🤖 AI Summary
Existing domain generalization (DG) benchmarks lack sufficient challenge due to contamination by large-scale pretraining data, rendering them inadequate for evaluating foundational models (e.g., CLIP) on truly unseen domains. Crucially, enforcing domain invariance without preserving domain-specific information may impair generalization. Method: We propose *domain-aware enhancement*, a novel paradigm advocating explicit modeling and disentanglement of domain-specific and class-discriminative features as a prerequisite for robust DG. Within the CLIP framework, we introduce a dedicated domain head, synthesize diverse domain-shifted data, perform domain-aware representation enhancement, and enforce feature disentanglement. Results: Extensive experiments across 33 heterogeneous datasets demonstrate that our approach significantly outperforms state-of-the-art DG methods, especially under severe distribution shifts—achieving substantial gains in out-of-distribution generalization performance.
📝 Abstract
Evaluating domain generalization (DG) for foundational models like CLIP is challenging, as web-scale pretraining data potentially covers many existing benchmarks. Consequently, current DG evaluation may neither be sufficiently challenging nor adequately test genuinely unseen data scenarios.
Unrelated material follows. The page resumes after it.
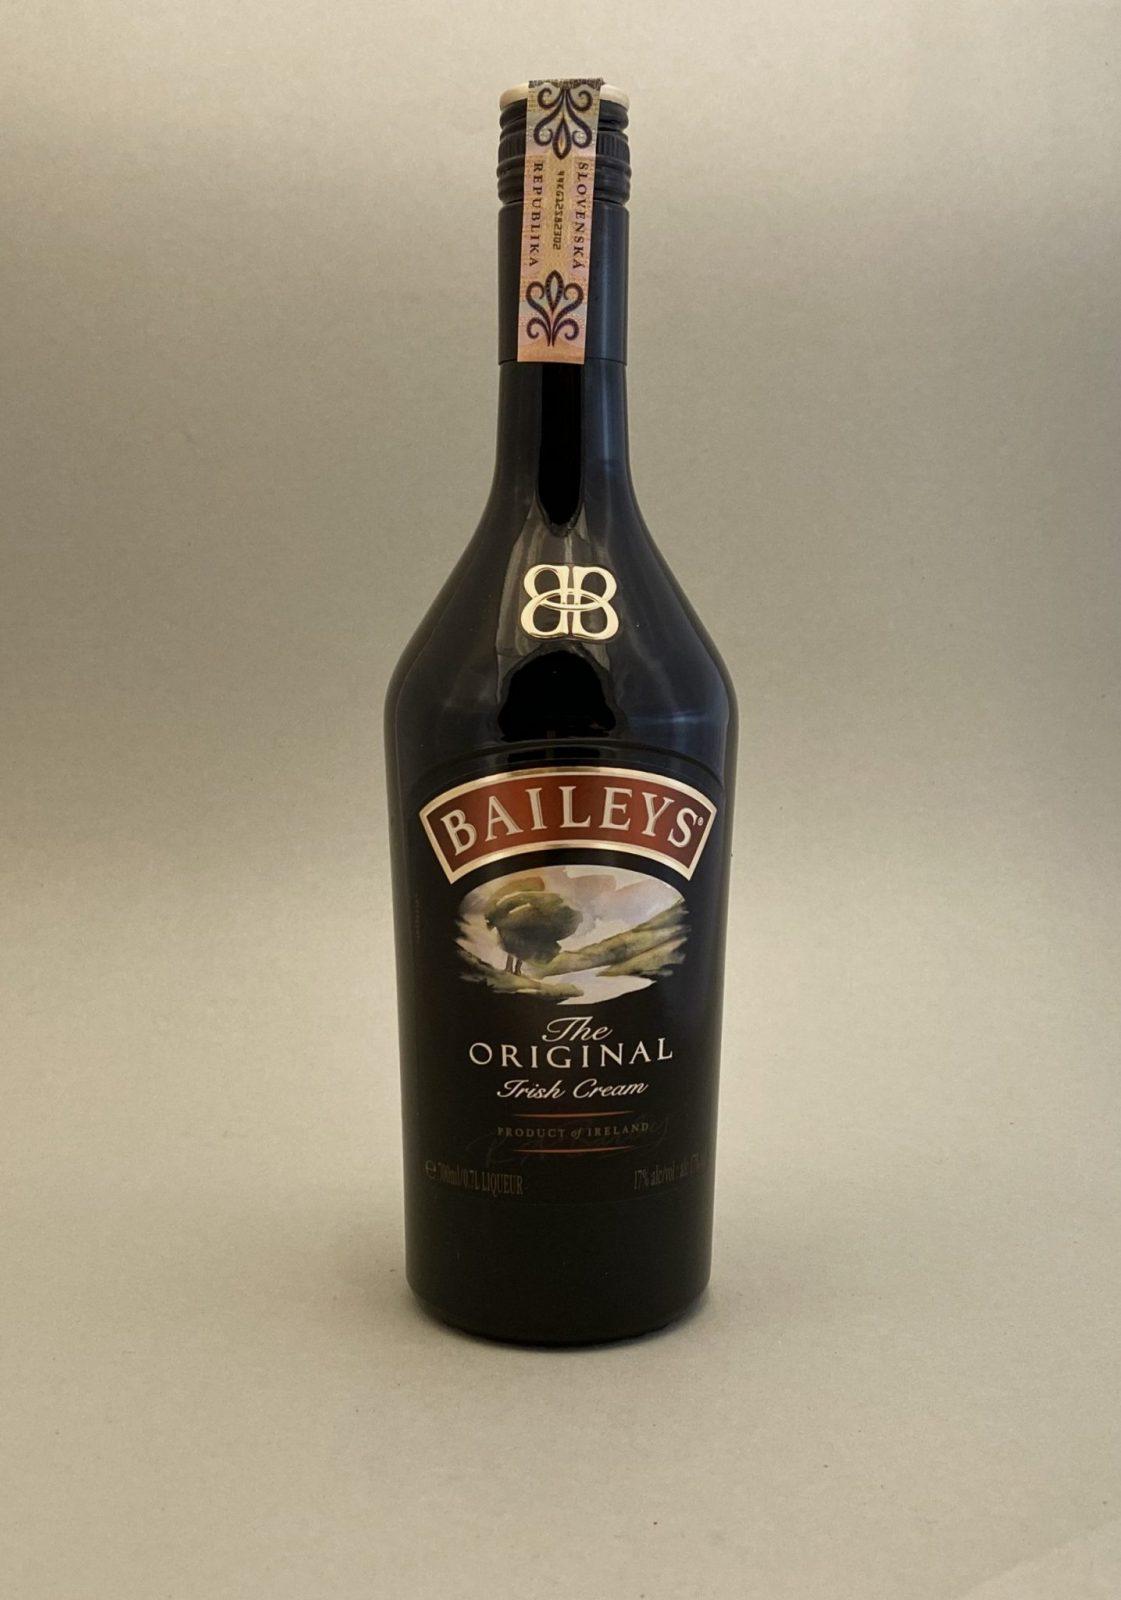 Baileys 17%, Bottleshop Sunny wines slnecnice mesto, petrzalka, likér, rozvoz alkoholu, eshop

To better assess the performance of CLIP on DG in-the-wild, a scenario where CLIP encounters challenging unseen data, we consider two approaches: (1) evaluating on 33 diverse datasets with quantified out-of-distribution (OOD) scores after fine-tuning CLIP on ImageNet, and (2) using unlearning to make CLIP `forget' some domains as an approximation. We observe that CLIP's performance deteriorates significantly on more OOD datasets. To address this, we present CLIP-DCA (Disentangling Classification from enhanced domain Aware representations). Our approach is motivated by the observation that while standard domain invariance losses aim to make representations domain-invariant, this can be harmful to foundation models by forcing the discarding of domain-aware representations beneficial for generalization. We instead hypothesize that enhancing domain awareness is a prerequisite for effective domain-invariant classification in foundation models. CLIP-DCA identifies and enhances domain awareness within CLIP's encoders using a separate domain head and synthetically generated diverse domain data. Simultaneously, it encourages domain-invariant classification through disentanglement from the domain features. CLIP-DCA shows significant improvements within this challenging evaluation compared to existing methods, particularly on datasets that are more OOD.